» PROBLEM TO WORK ON: Output each line of the listing exactly, though pictures are not to appear.

» DATASET CONTENT:
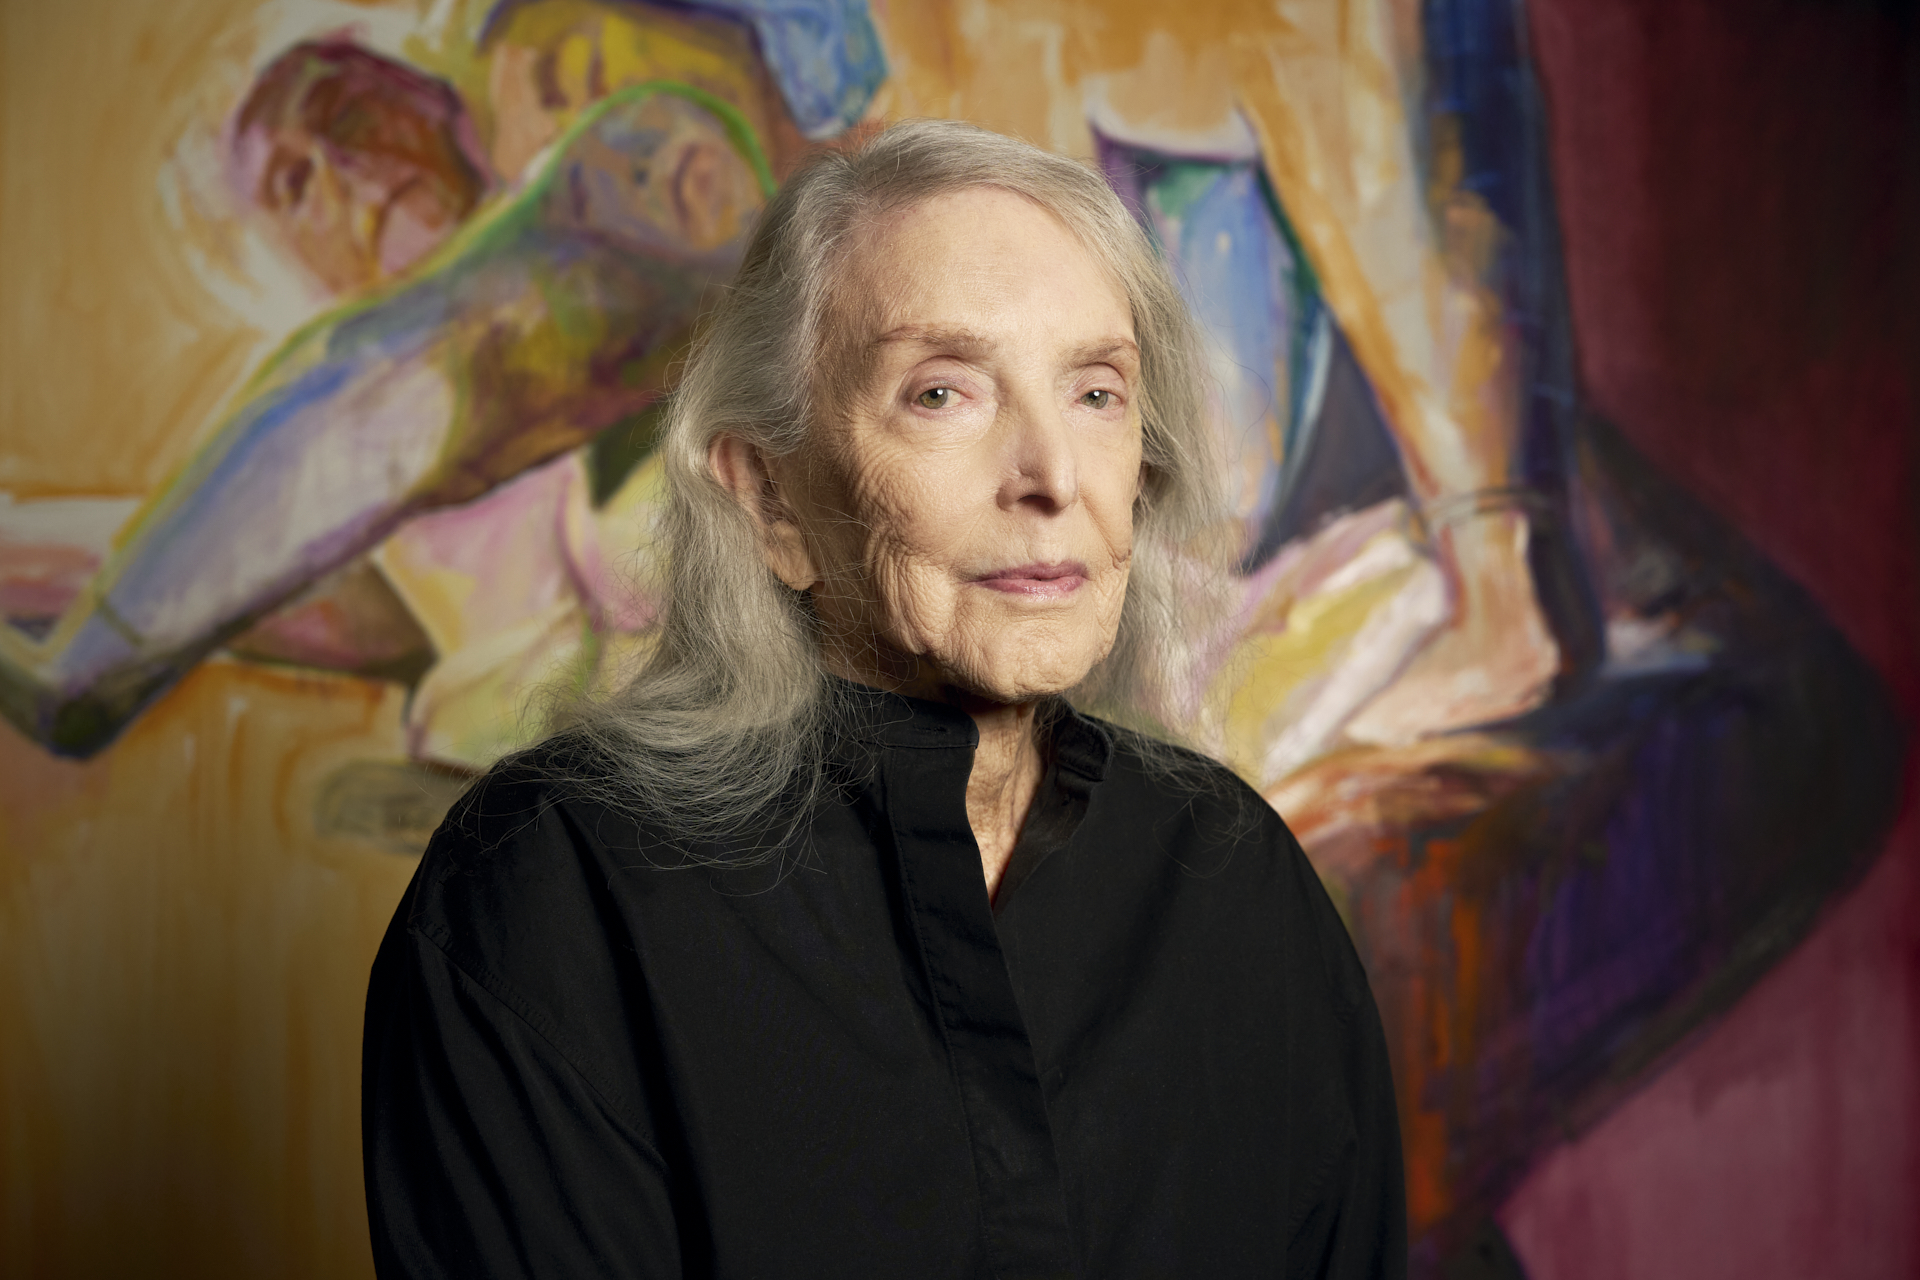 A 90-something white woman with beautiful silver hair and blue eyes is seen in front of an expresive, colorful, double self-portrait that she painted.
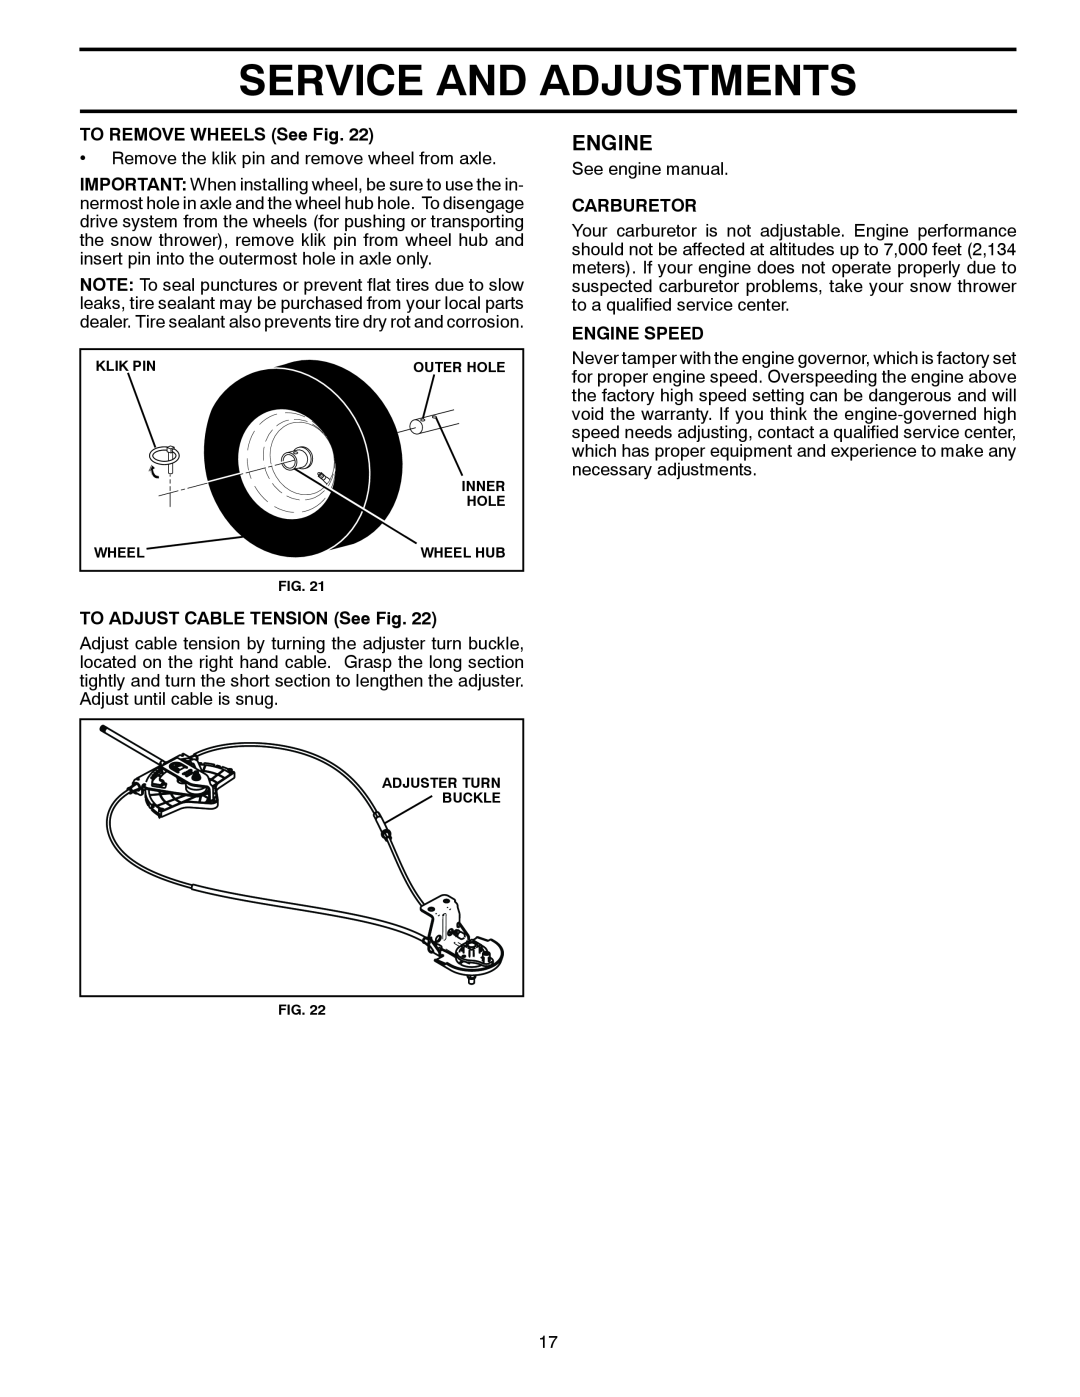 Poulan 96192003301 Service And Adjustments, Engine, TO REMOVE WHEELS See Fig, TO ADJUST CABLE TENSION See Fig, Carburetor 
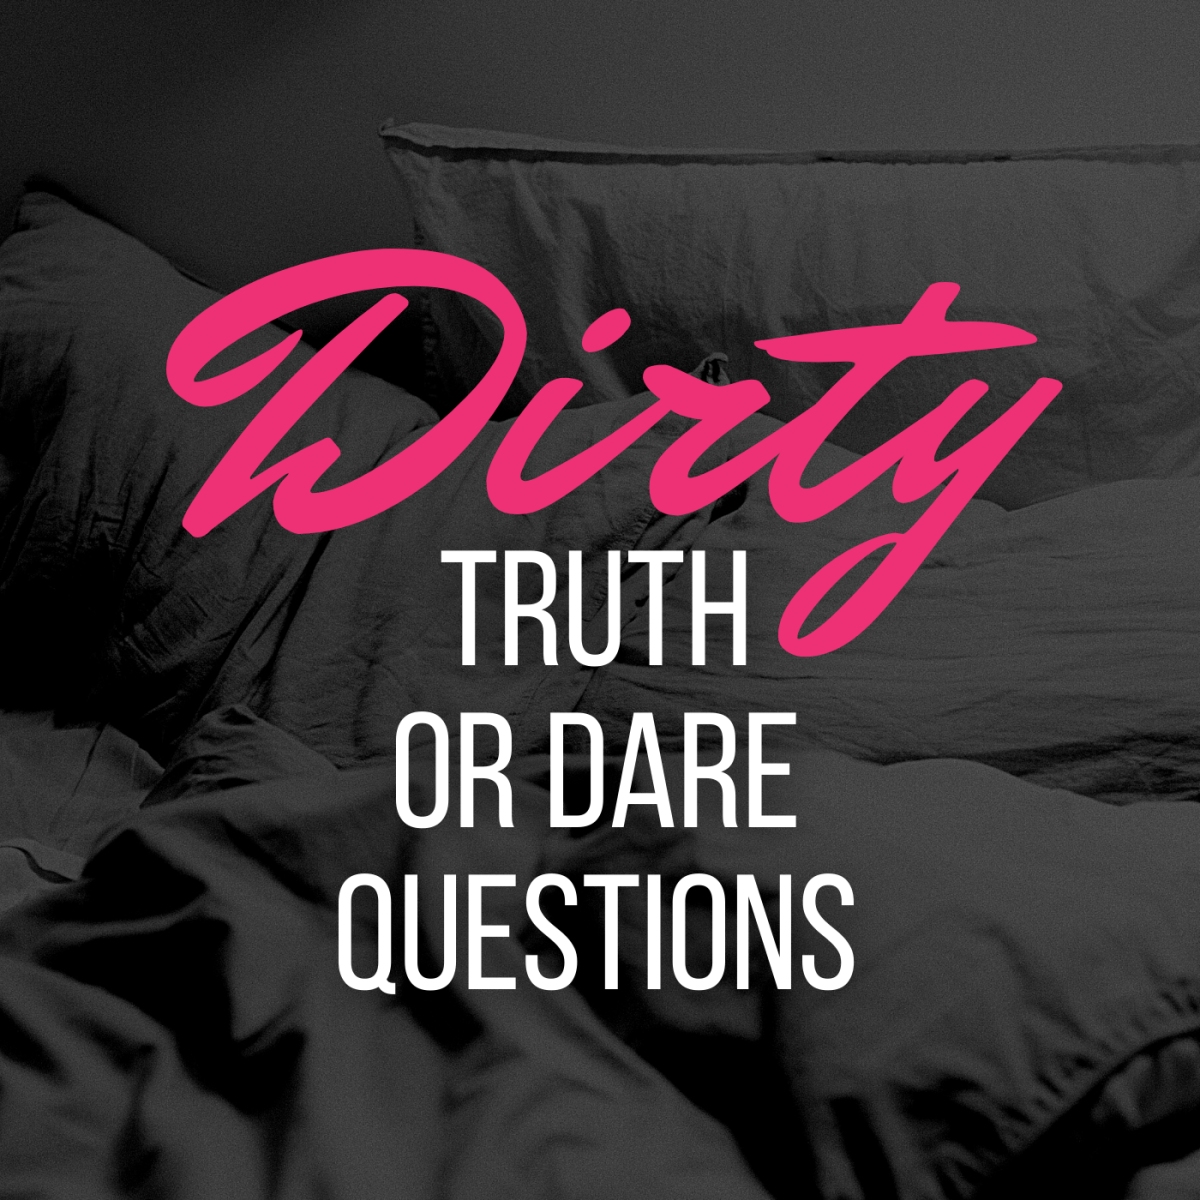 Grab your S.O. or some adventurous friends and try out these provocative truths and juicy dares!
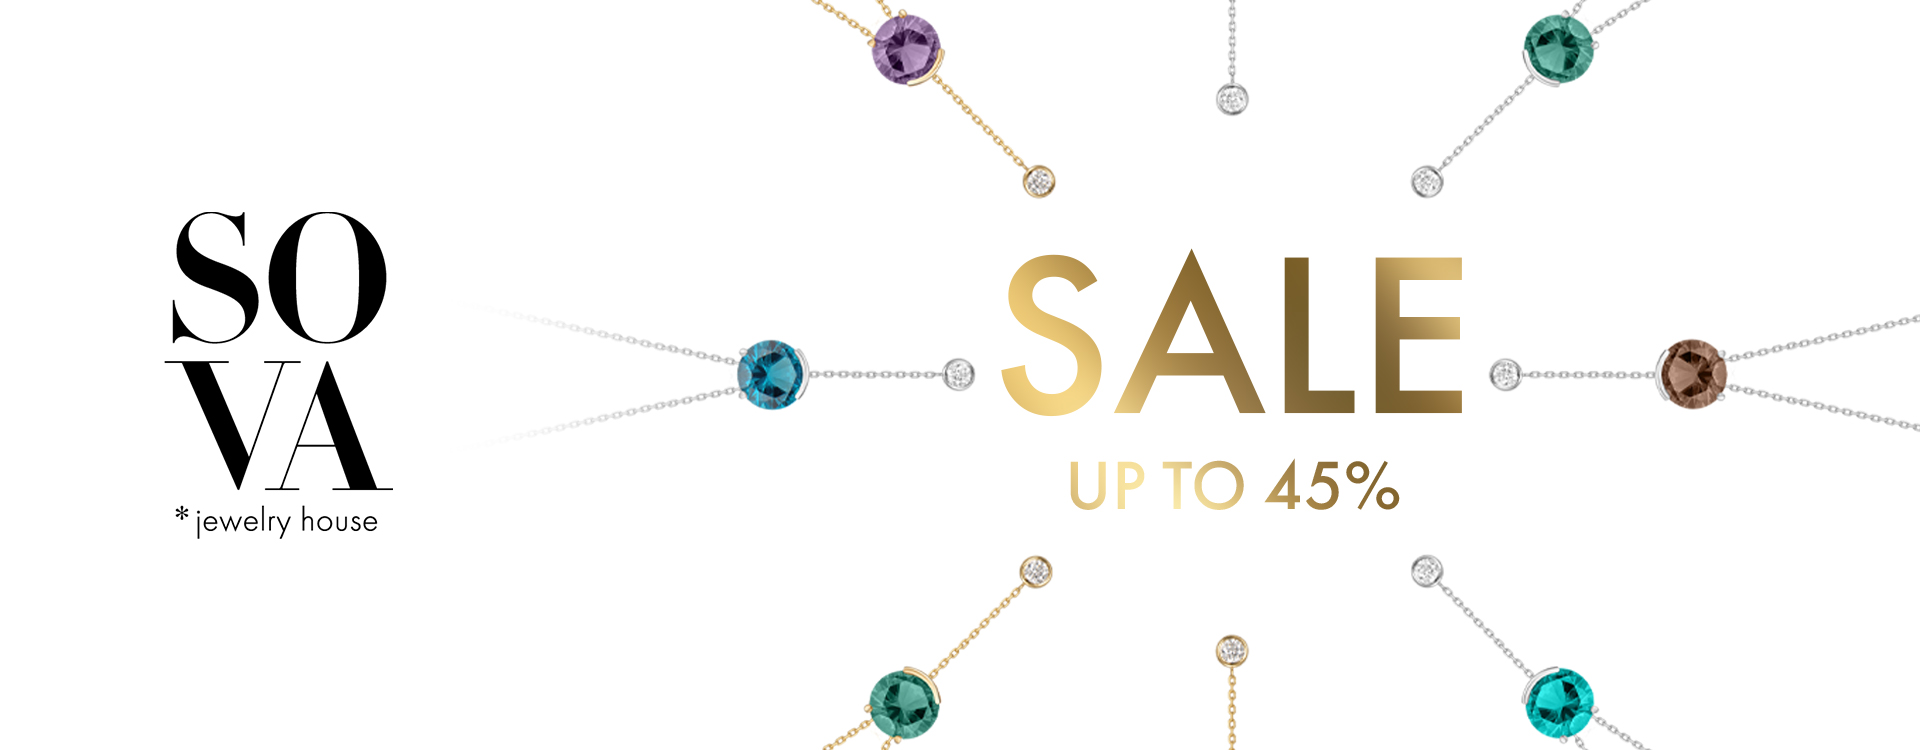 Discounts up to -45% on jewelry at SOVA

» WORKED SOLUTION:
 A 90-something white woman with beautiful silver hair and blue eyes is seen in front of an expresive, colorful, double self-portrait that she painted.
 Poulan 96192003301 Service And Adjustments, Engine, TO REMOVE WHEELS See Fig, TO ADJUST CABLE TENSION See Fig, Carburetor 
 Grab your S.O. or some adventurous friends and try out these provocative truths and juicy dares!
 Discounts up to -45% on jewelry at SOVA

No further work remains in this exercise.